WeLinkirt DaoAI Solution and Products
WeLinkirt DaoAI provides a core solution for the emergency and smart security industry, centered around the SkyVision 0-code video surveillance AI platform. The platform's core capability lies in its **0-code, hour-level on-site training** feature, allowing clients to quickly deploy and optimize AI models for their specific scenarios without needing professional AI engineers. For deployment, SkyVision seamlessly integrates with existing surveillance cameras via edge boxes, enabling real-time analysis of video streams. Model training employs the APDT few-shot self-training paradigm, requiring only 1-20 target (smoke/fire) images to complete model iteration within hours, ensuring the model is highly tailored to actual site conditions. The DaoAI World world model, as the underlying foundation, imbues SkyVision with powerful semantic understanding capabilities, enabling it to intelligently distinguish real fire incidents from environmental interferences, thereby significantly reducing false alarms. All data processing is performed locally, ensuring 100% on-premise data security and meeting strict client requirements for data privacy. WeLinkirt DaoAI also offers flexible deployment options, including SDK, API, or Docker containerization, facilitating integration with existing client security systems.

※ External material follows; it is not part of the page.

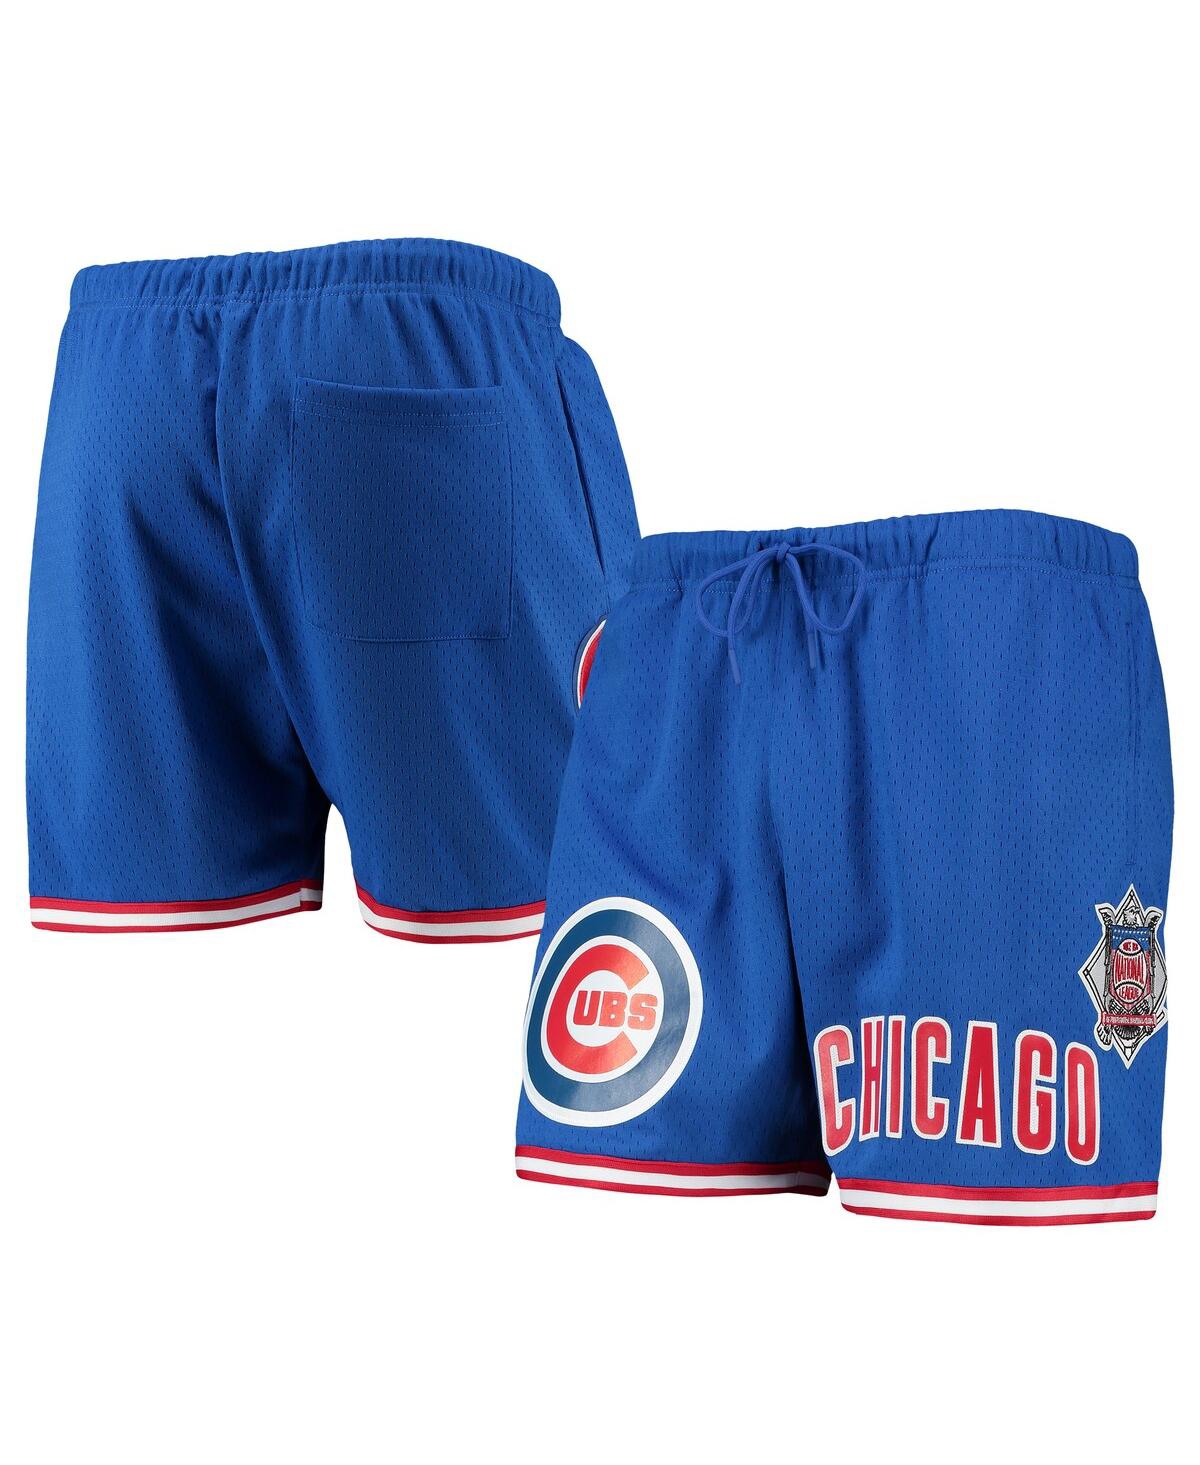 Shop Pro Standard Men's  Royal Chicago Cubs Since 1876 Mesh Shorts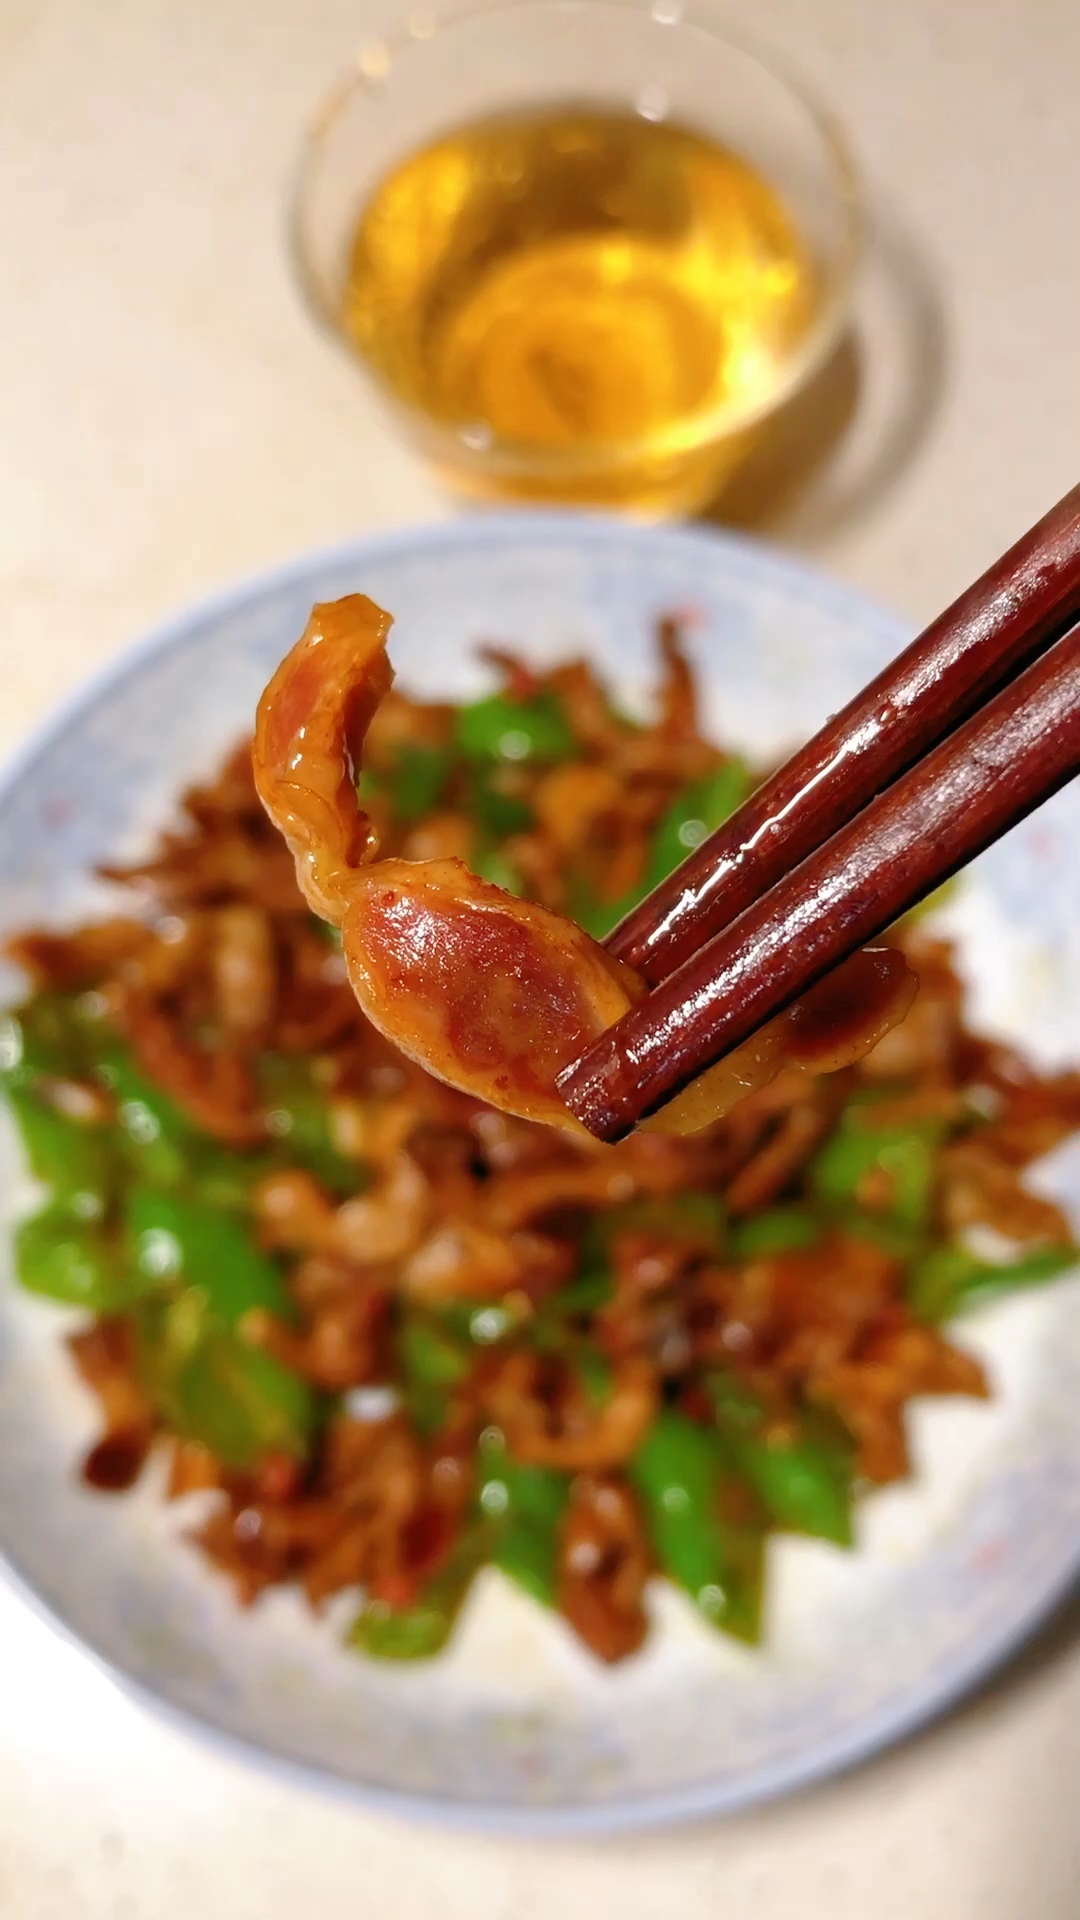 辣椒炒鸡胗,一个人在家简单吃点,也算个下酒菜吧!

Through the WeLinkirt DaoAI SkyVision platform, clients can achieve a leap from traditional passive response to active intelligent early warning. This solution not only improves the detection rate of early smoke and fire recognition and reduces missed alarm rates but also significantly cuts down on resource waste caused by false alarms. In the case of a large logistics warehouse, WeLinkirt DaoAI SkyVision **increased the detection rate for smoke and open flames to 99.7%**, **reduced the missed alarm rate to below 0.3%**, and **decreased monthly re-verification man-hours due to false alarms by 85%**. This not only directly enhances operational safety and reduces potential property loss risks but also optimizes the efficiency of security personnel, delivering significant business value.
FAQ
How long is the deployment cycle for SkyVision?
WeLinkirt DaoAI SkyVision platform supports rapid deployment. Due to its 0-code and few-shot self-training features, model training can be completed on-site within hours, and the overall system integration and go-live period typically ranges from a few days to a week, depending on the complexity of the client's existing security system and integration requirements.
What are the main cost components of SkyVision?
The primary costs for SkyVision include software licensing fees, edge box hardware costs, and potential customized development and integration service fees. Specific pricing varies based on the number of monitoring points, required functional modules, and deployment scale. We recommend contacting the WeLinkirt DaoAI sales team to receive a detailed customized solution and quotation.
How does SkyVision ensure data security and privacy?
WeLinkirt DaoAI SkyVision platform supports 100% on-premise private deployment. All video stream analysis and data processing are completed on the client's local servers or edge boxes, ensuring data never leaves the premises. This means clients retain full control over all data, effectively preventing data breaches and privacy risks, and meeting stringent compliance requirements.
This article was generated by AI. Customer cases are simulated scenarios based on real product capabilities and figures are illustrative; see product pages for official benchmarks.